Cross/Garden Spider (Araneus Diadematus)

You can identify cross or garden spiders by their mottled brown, beige, brick red and black colouring overlaid by a cross of pale spots on the abdomen. Their legs are distinctively spiny. Females grow to 18mm, and are much more likely to bite than the smaller males that grow to half the size. They spin vertical orb webs from June to November,and tend to stay outside in the gardens and woodland, although they make seek shelter in homes during autumn. A bite can cause pain, nausea and swelling.

False Widow Spider (Steatoda Nobilis)

These spiders are round and brown and inhabit buildings and fences. Only the females, which grow to about 15mm, can bite. They originally came from the Canary Islands and Madeira, but have spread throughout south and east England. A bite can cause local pain that spreads and leads to numbness and swelling.

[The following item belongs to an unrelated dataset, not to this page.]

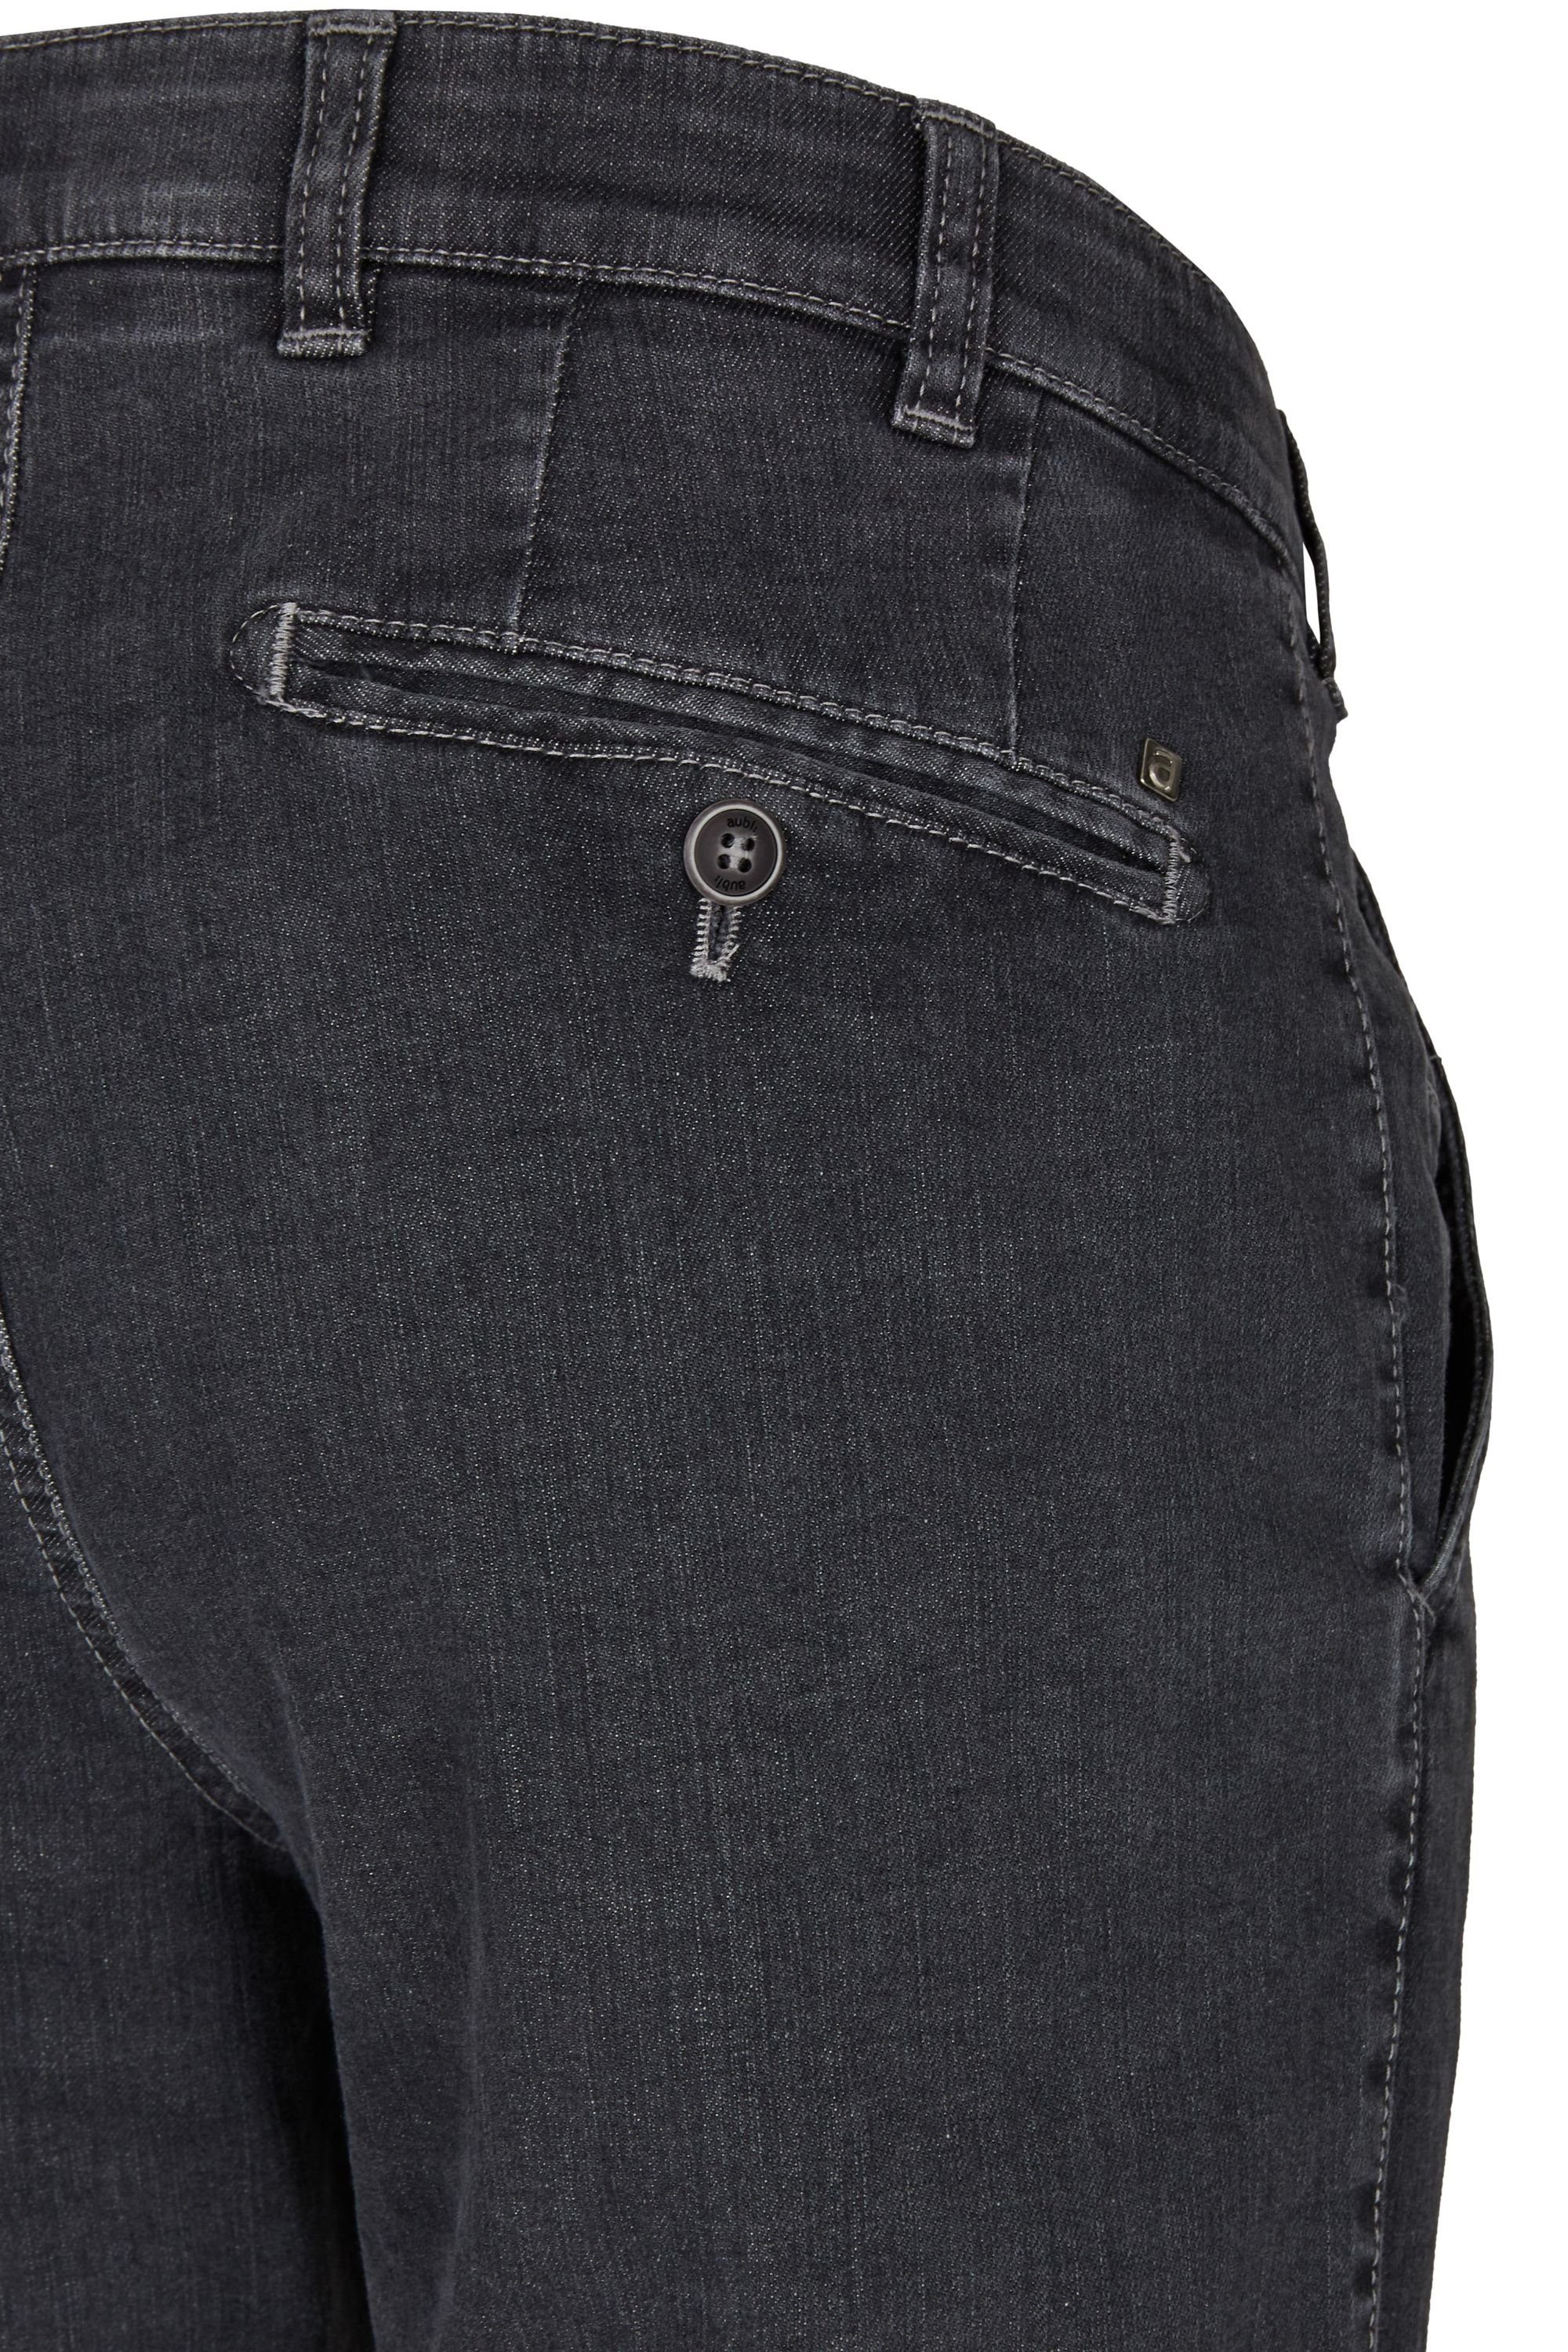 aubi: Stretch aubi Baumwolle Fit Flex 526 High Hose aus (51) Jeans Jeans Perfect Modell Herren Bequeme grey

Lace Weaver Spider (Amaurobius Similis)

Lace weaver spiders are dark, ranging from brown to black, with fuzzy abdomens. The markings on the abdomen are dark and wedge-shaped, surrounded by a cream colour. Females grow up to 10mm while the males only reach about 7mm. These spiders are found on walls, around windows or under old pots all year long. They spin lacy webs around holes and crevices.

Mouse Spider (Herpyllus Blackwalli)

Named for their mousy colouring (grey to grey-brown) and furry abdomens, mouse spiders can reach sizes of about 12mm for females and 10mm for males. These spiders have low, flat builds, and are nocturnal hunters along walls all year long. A bite victim reported a painful pimple-like wound that burst after a few days resulting in infection of the entire hand.

Rustic Wolf Spider (Trochosa Ruricola)

The rustic wolf spider is dark brown with a pale band running nearly the length of the body. The females grow to about 15mm, while the males only reach 10mm. They live in scrub, woodland, lawns and gardens from April to June and don't spin webs. Bites cause localised pain and redness.

Stone Spider (Drassodes Lapidosus)

These distinctive spiders are brown with a long pale abdomen and large, dark jaws. Two of its eyes will appear silvery. They tend to spend the day hidden in a web sac beneath stones and loose bark before emerging during the night to hunt all year long. Females can be 18mm, while males only reach about 12mm.

Tube Web Spider (Segestria Florentina)

Female tube web spiders can be 22mm, while the males reach 15mm. Black or dark brown, these cigar-shaped spiders inhabit walls, fences and tree bark from June to November. Their webs are tube-shaped and set in holes or crevices with trip lines running out. Victims report sharp and painful bites that result in soreness and swelling.

Imported Exotic Spiders

Occasionally, spiders not native to the UK may make their way into your home via imported goods. Reported venomous invaders include the exotic sac (Cheiracanthium), the huntsman (Heteropoda venatoria), the false widow (Steatoda paykulliana) and the black widow (Latrodectus mactans). The bites of all but the black widow spider are generally painful, but not life-threatening. The black widow bite can produce an array of serious symptoms, though people rarely die from a bite, according to eMedicineHealth.